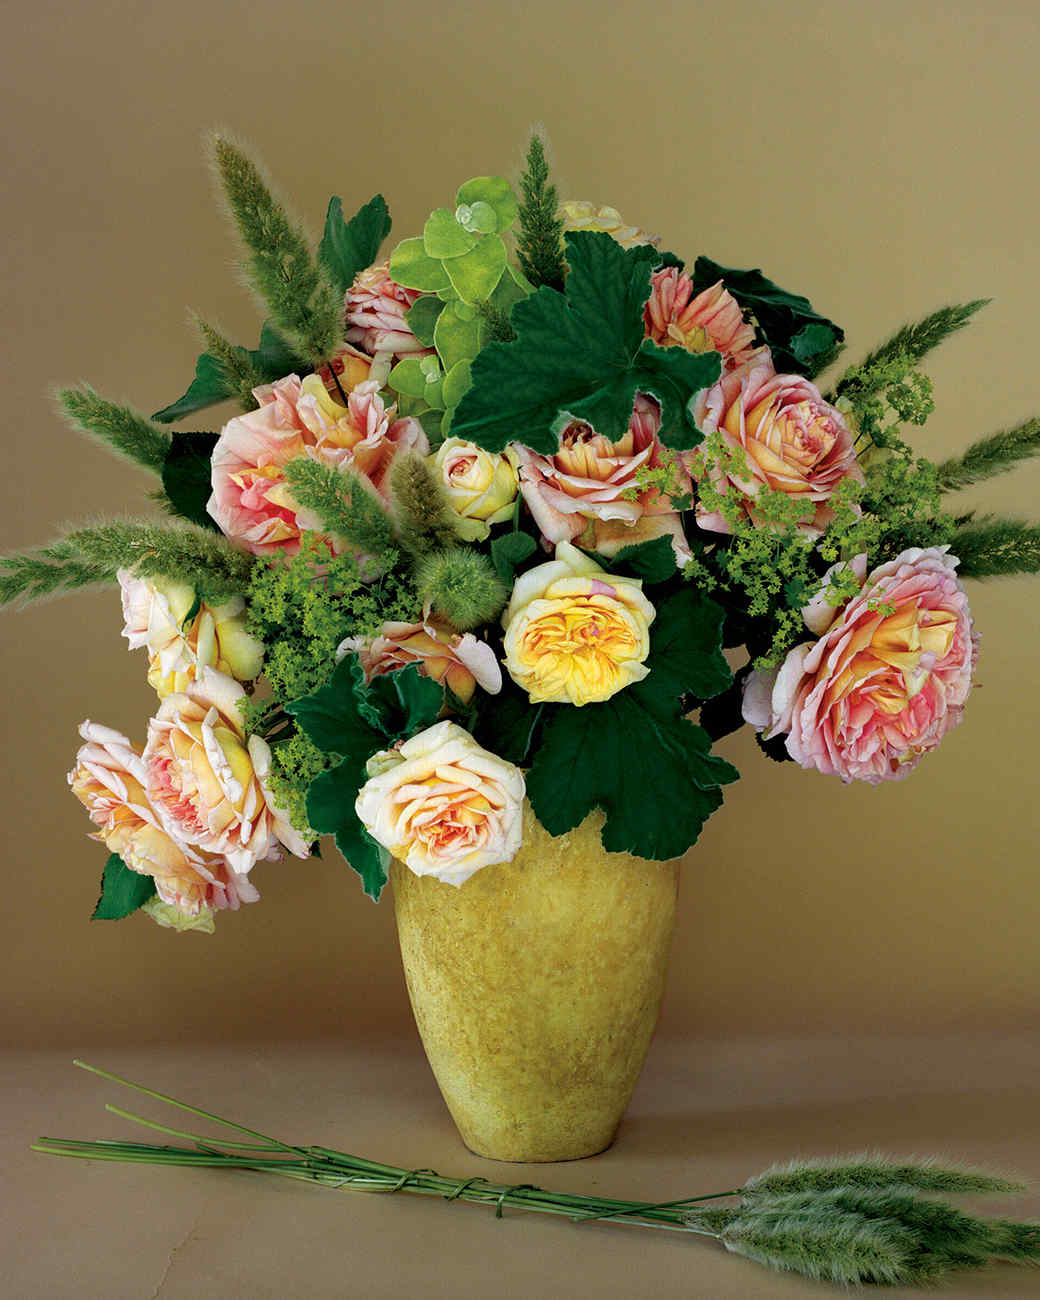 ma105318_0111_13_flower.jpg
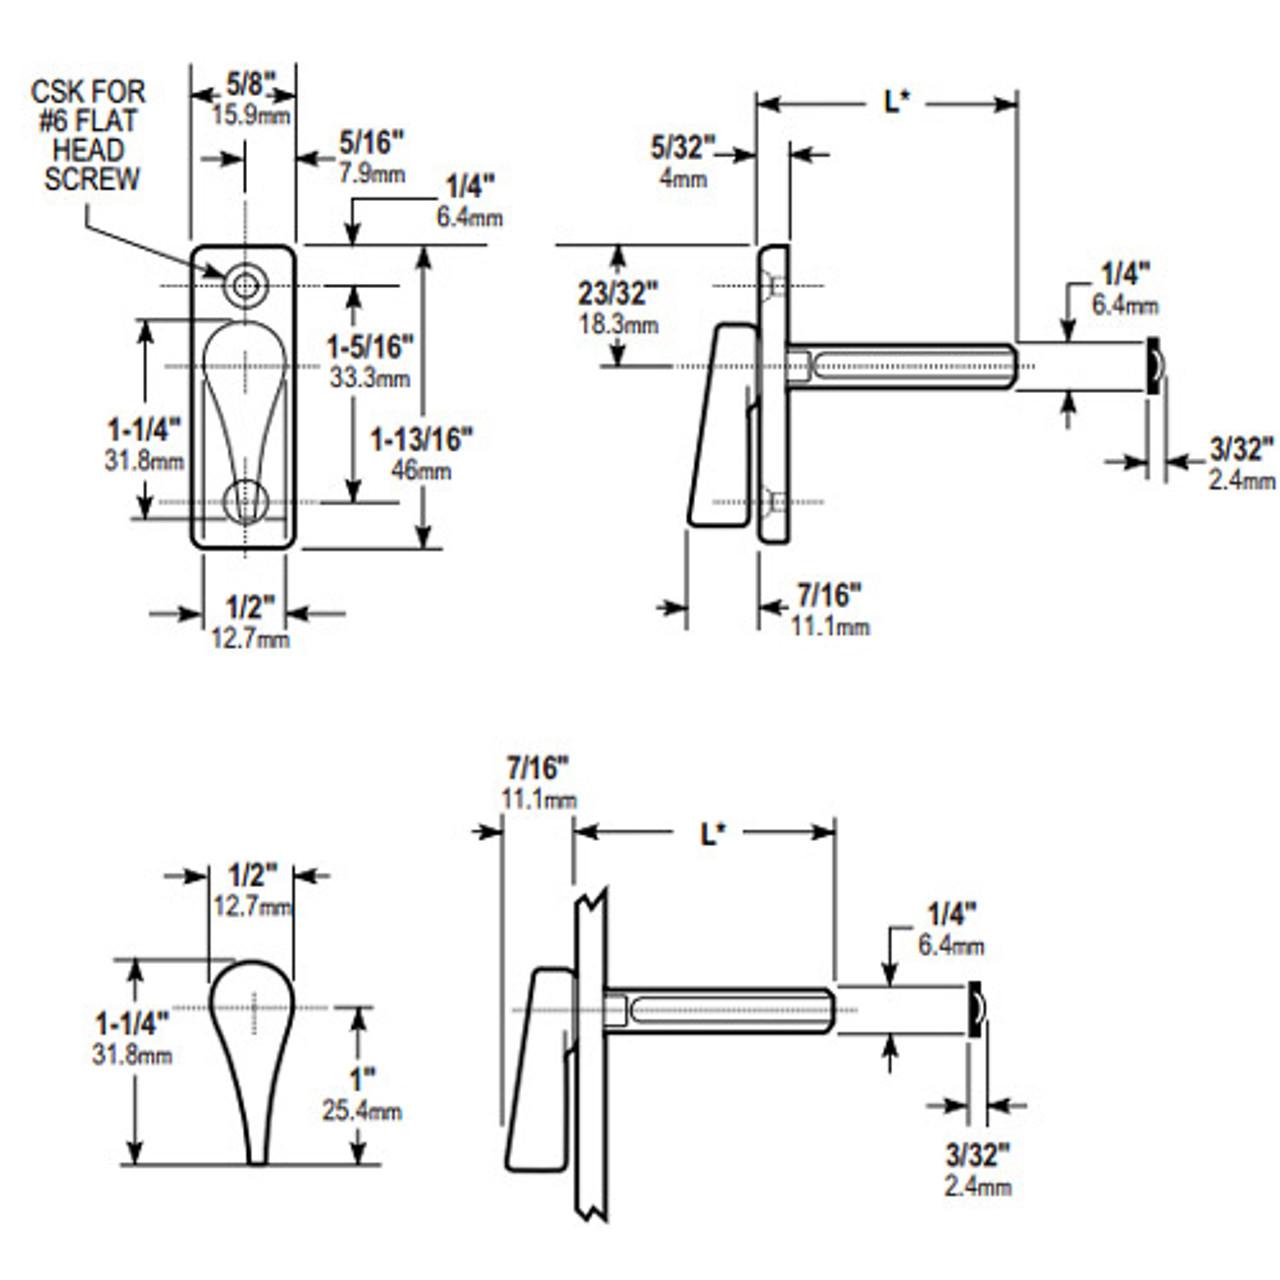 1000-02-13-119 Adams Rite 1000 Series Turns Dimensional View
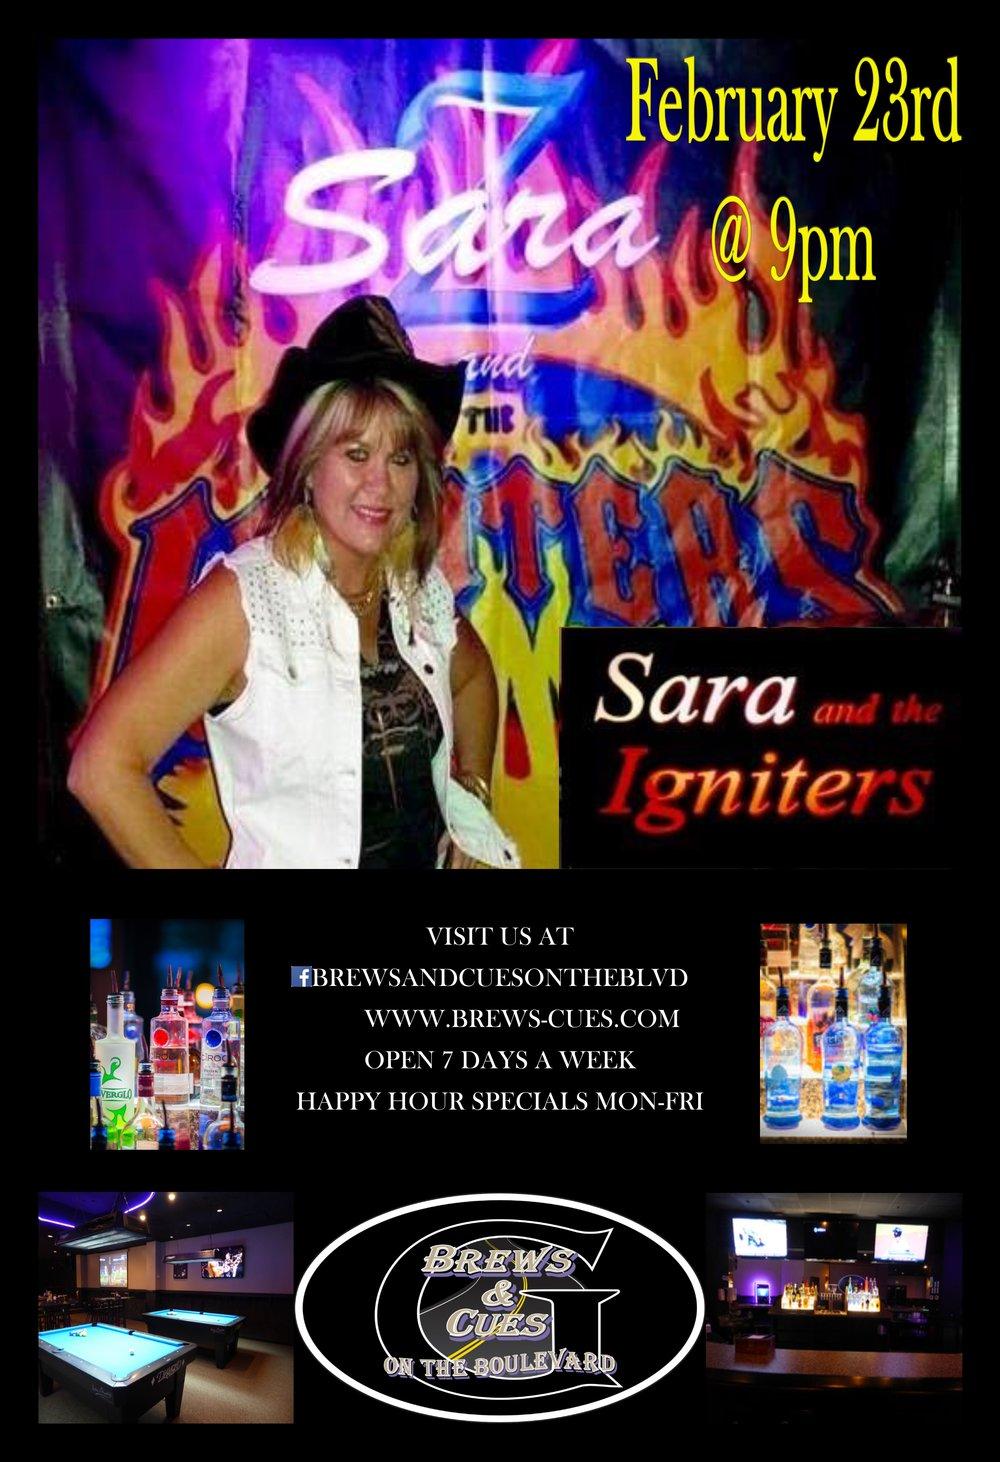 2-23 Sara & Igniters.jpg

--

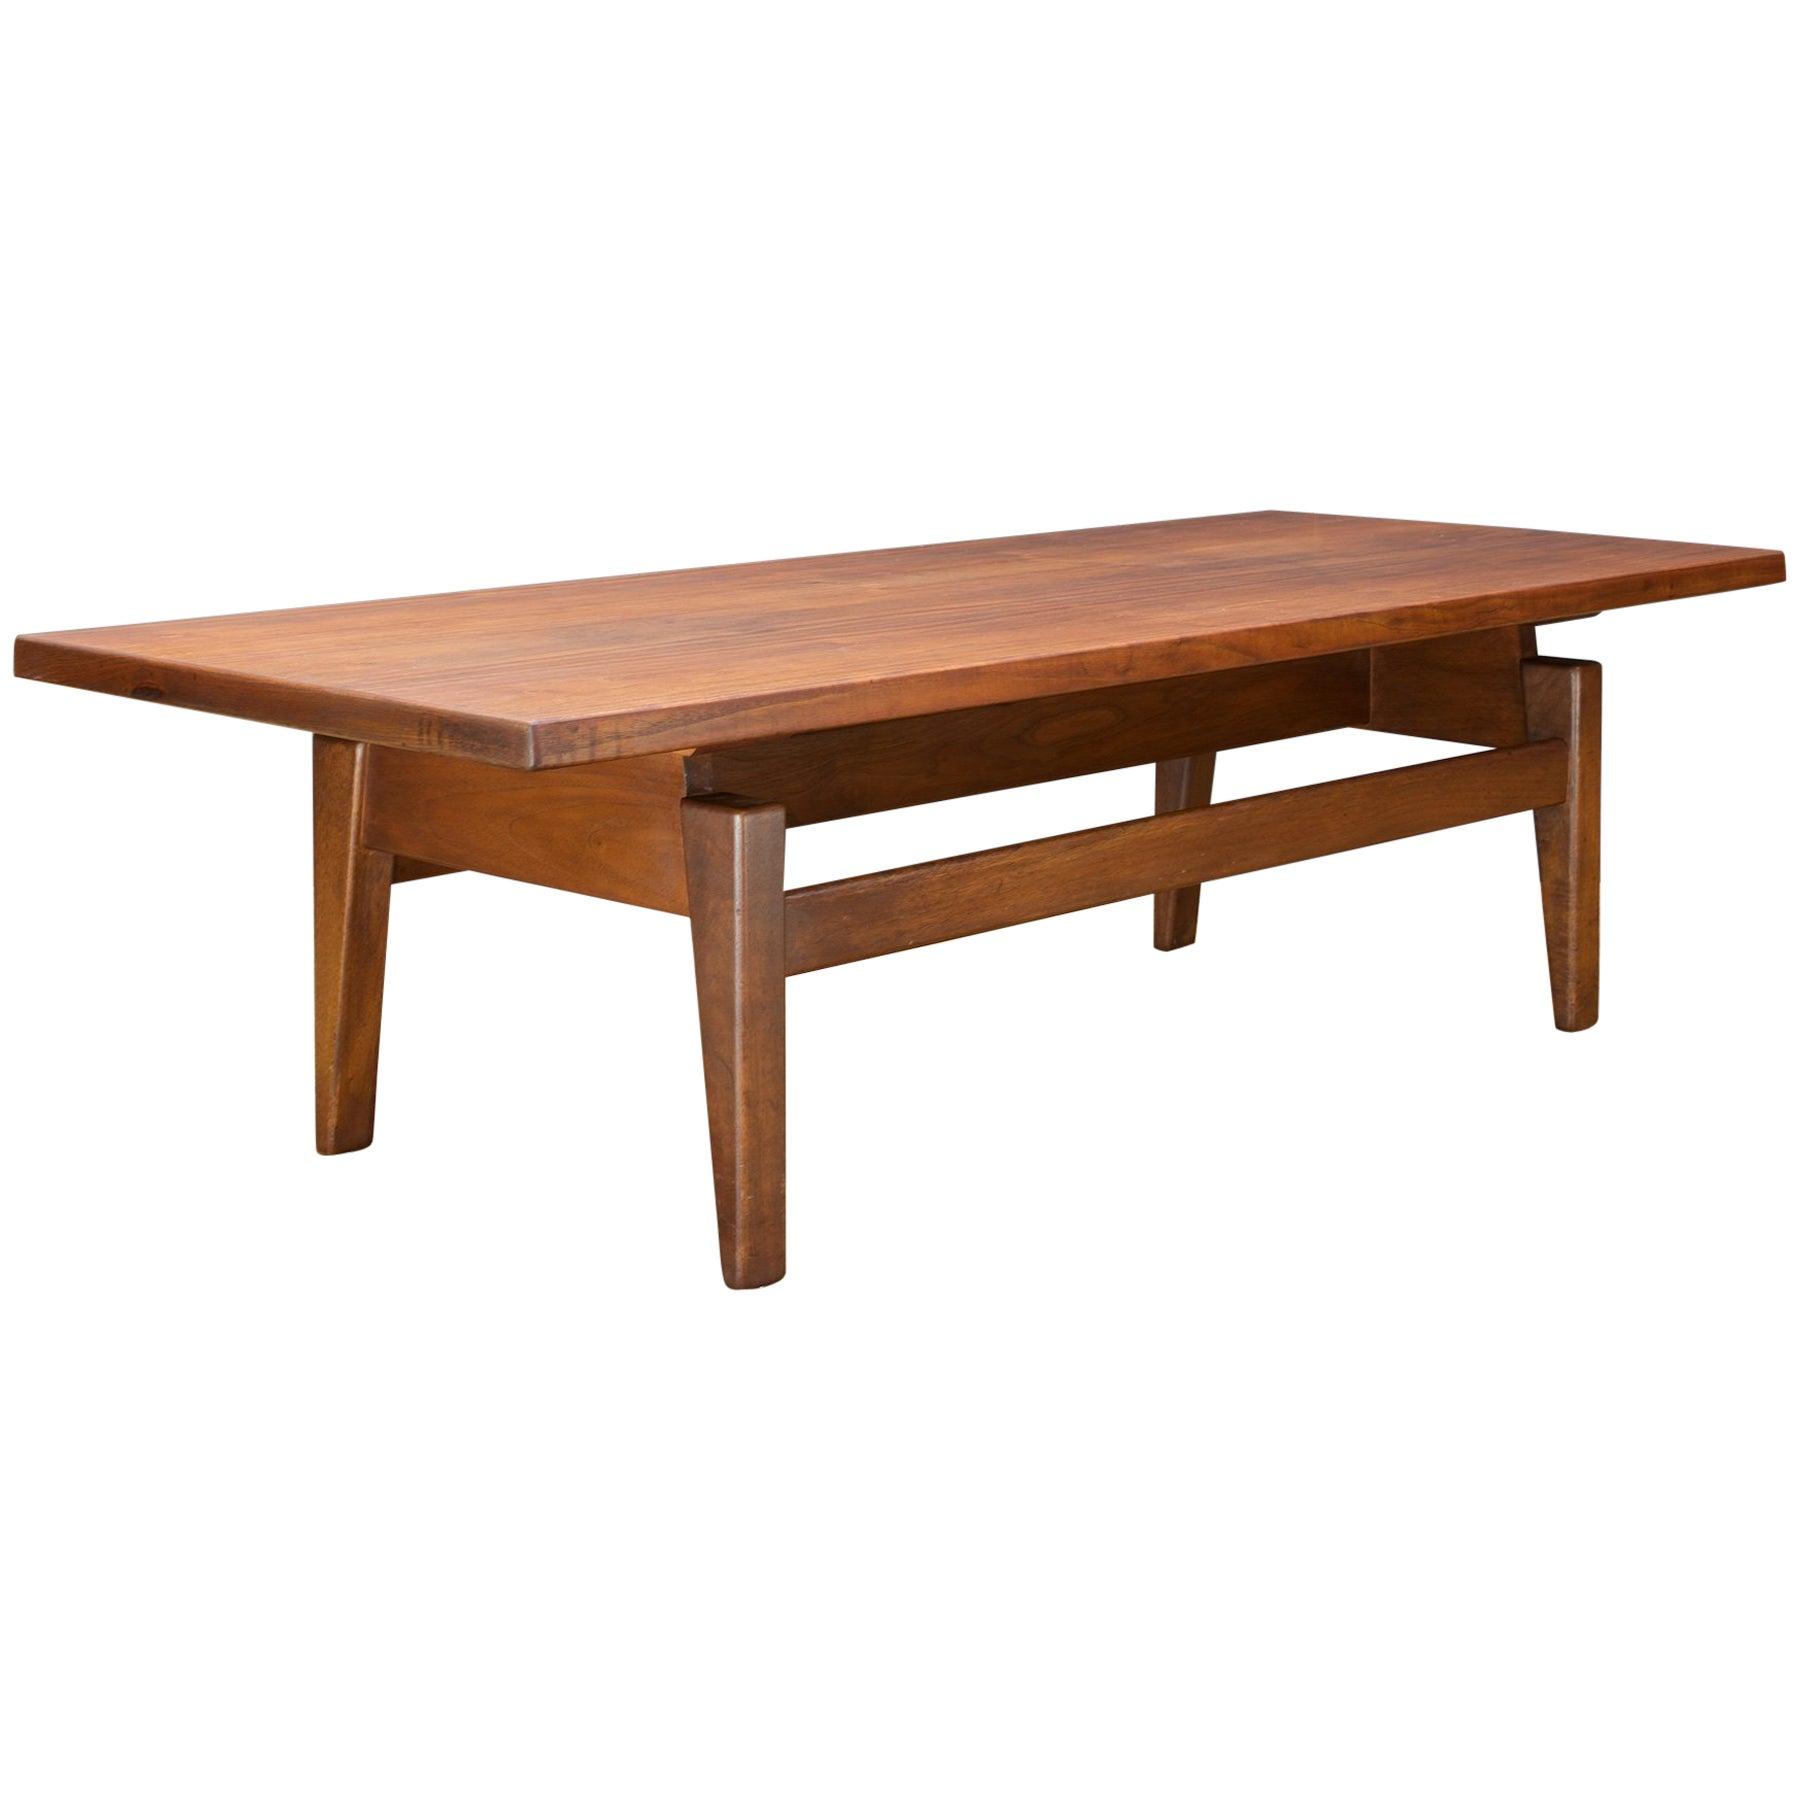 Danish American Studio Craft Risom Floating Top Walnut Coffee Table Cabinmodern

[Instructions to follow] Above is the material; set down exactly its lines from the one containing "ma105318_0111_13_flower.jpg" down to the one containing "2-23 Sara & Igniters.jpg", both included, leaving out any pictures.

[Answer space]
 ma105318_0111_13_flower.jpg
 1000-02-13-119 Adams Rite 1000 Series Turns Dimensional View
 2-23 Sara & Igniters.jpg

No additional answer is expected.